Вихрь смерил его взглядом.
— Не сломать судьбу себе и женщине, заранее обрекая себя на равнодушную, не наполненную счастьем жизнь.
— Не много-то моя жизнь сейчас стоит, — хмыкнул эльф, и Суне показалось, что ему очень хочется согласиться с Вихрем.
— Верно, — согласился неожиданно единорог. — Но если ты не знаешь, когда сдерживают обещание, а когда — идут на поводу подвоха, то твоя жизнь стоит еще меньше.
Повисло неловкое молчание.
Амарисуна огляделась по сторонам и поняла, что стемнело. В пылу разговора хватало и света костра, а теперь вдруг оказалось, что это не свет — а маленькое пятно посреди черноты. А лес ощерился качающимися и стонущими верхушками деревьев. Кроме этого стона, да шума ветра не было слышно ничего — ни далеких голосов зверей, ни ночных птиц, ни трескотни насекомых.
Эльфы подкинули веток в костер. Посидели, погрели руки, поговорили о значении символов в раннеэльфийских балладах и о том, какие украшения больше подошли бы Суне. Лес продолжал шептать ветром. Целительница подумала, не сбегать ли в кустики, но не решилась отойти от костра. Не Мориана же ей просить сходить с ней, покараулить.
Спать не то, чтобы не хотелось — не представлялось возможным, так как путников не покидало ощущение, что в темноте за деревьями кто-то притаился. После того, как об этом сказал Вихрь, подобравшийся поближе к костру, Мориан поднялся, беря лежавший рядом меч.
— Пойду, посмотрю вокруг.
— Не надо, — Суна ухватила его за руку. — Лучше сиди здесь, рядом с нами. Мне… страшно.
Мориан усмехнулся.
— Нет, давай лучше ты тоже возьмешь свой меч, и мы пойдем вместе. Ты громко кричишь, у тебя острый язык и думаю, никто в здравом уме не рискнет напасть на тебя.

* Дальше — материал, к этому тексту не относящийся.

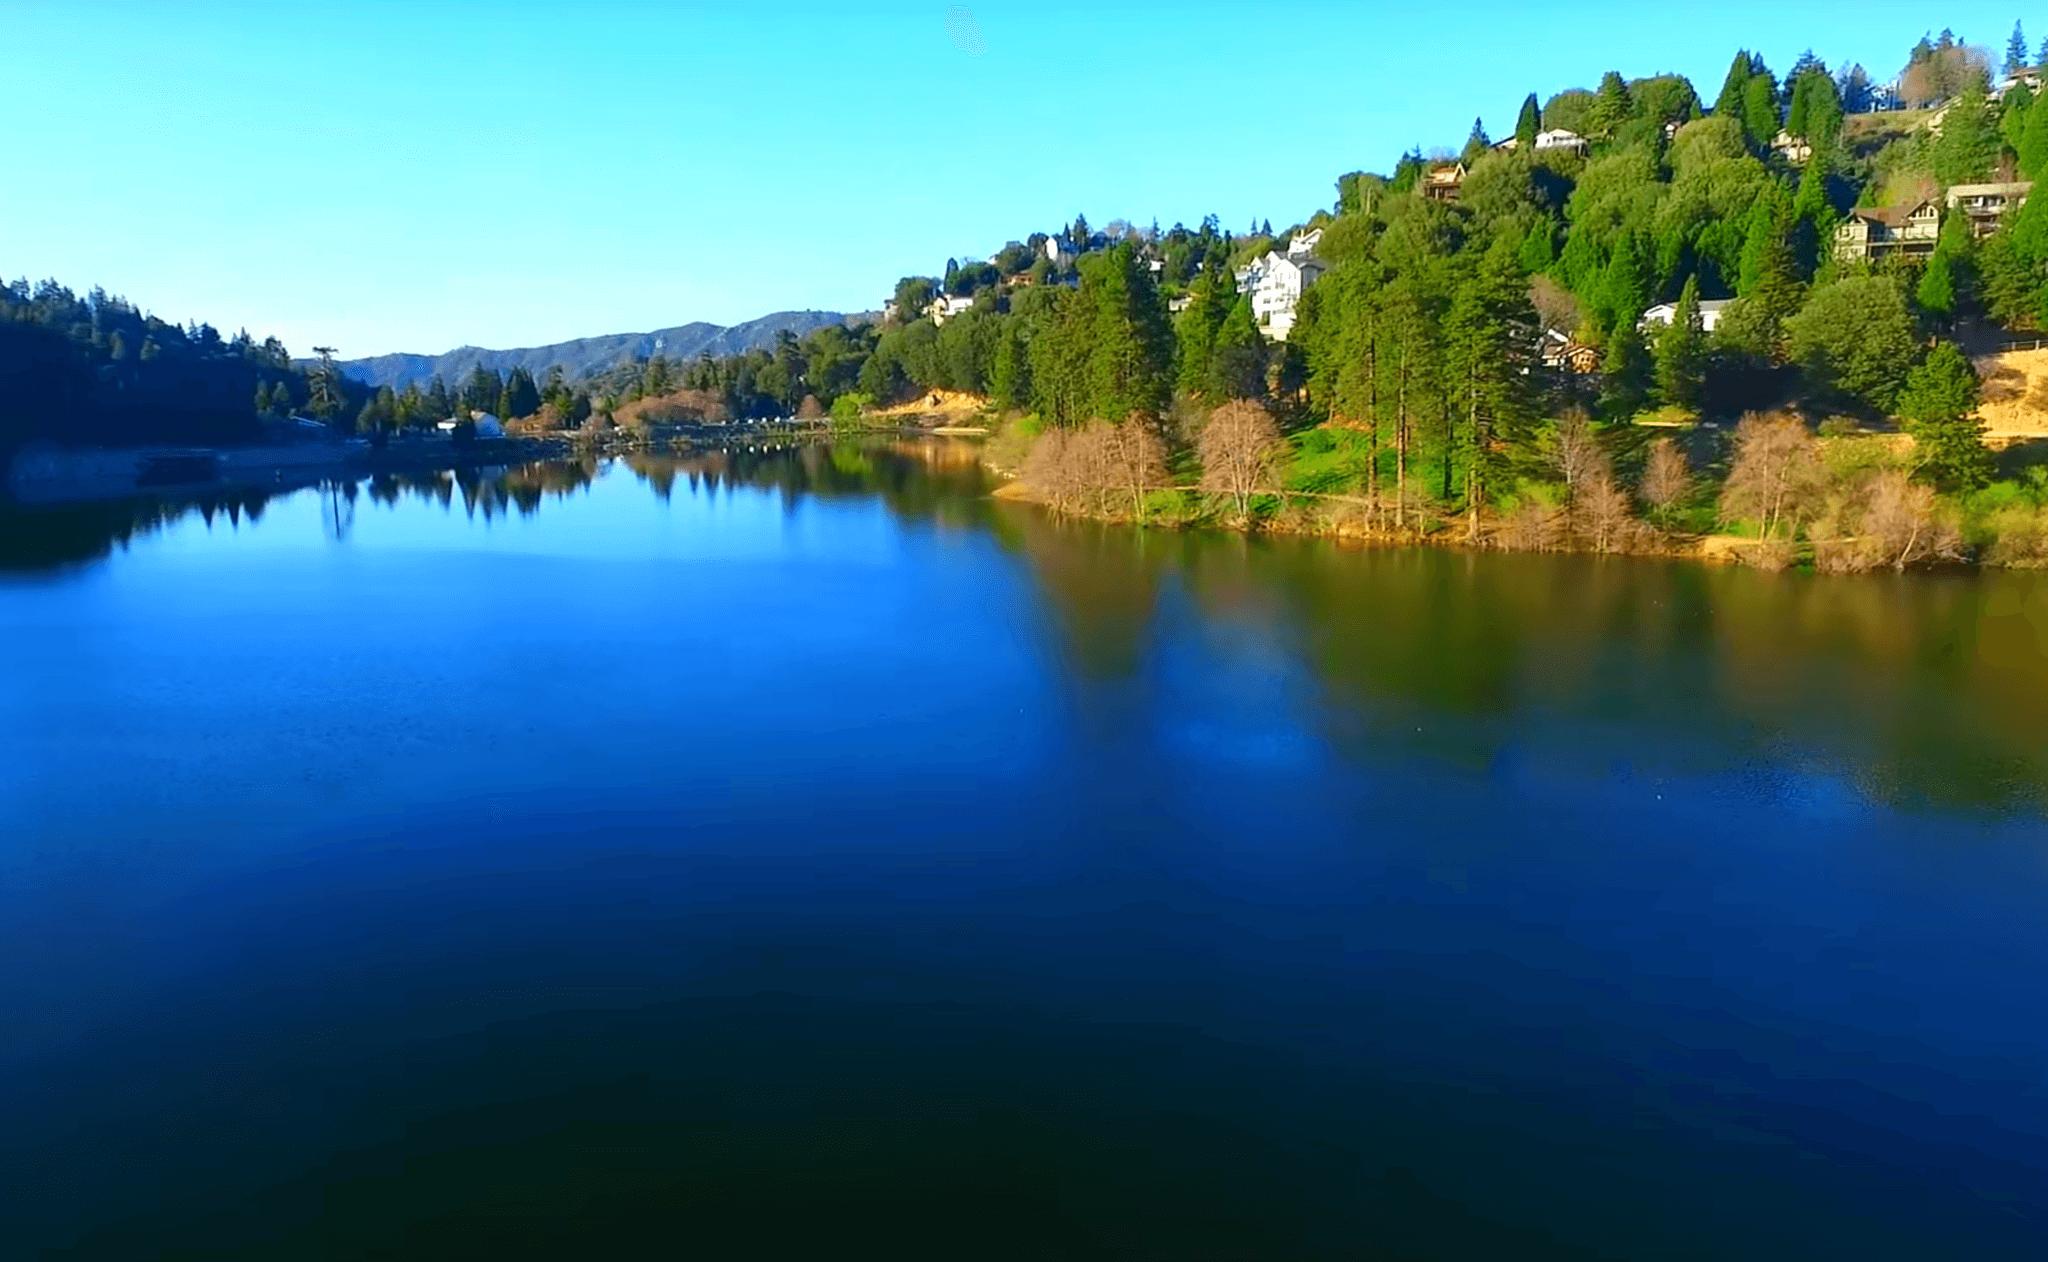 Lake-Gregory-Fishing-Guide-03

— Ты… — начала Амарисуна и осеклась испуганно. Ей показалось, что впереди шевельнулась тень. Девушка встала и спряталась за спину эльфа.
— Мориан, не ходи никуда. Не бросай нас тут. Мне это не нравится, все здесь не нравится! — перешла Целительница на громкий нервный шепот.
Где-то справа хрустнула ветка. Мориан резко повернулся, выставляя меч, Вихрь наклонил рог, а Суна вцепилась Мориану в рукав — страшно было до трясущихся пальцев и заставить себя взять в руки меч, и встать рядом не было ну никакой возможности.
— Ну? — спросил Мориан, вглядываясь в темноту за деревьями. — Мне самому идти или как?
Хрустнула еще одна ветка, шаги приблизились, а потом из темноты раздался вздох, от которого у Амарисуны волосы встали дыбом.
— Или как, — ответил мягкий мужской баритон на каярре. — По правде говоря, я умираю от усталости и жажды, и мне не хочется закончить свою жизнь в этом поганом лесу, будучи заколотым мечом или забитым копытами единорога.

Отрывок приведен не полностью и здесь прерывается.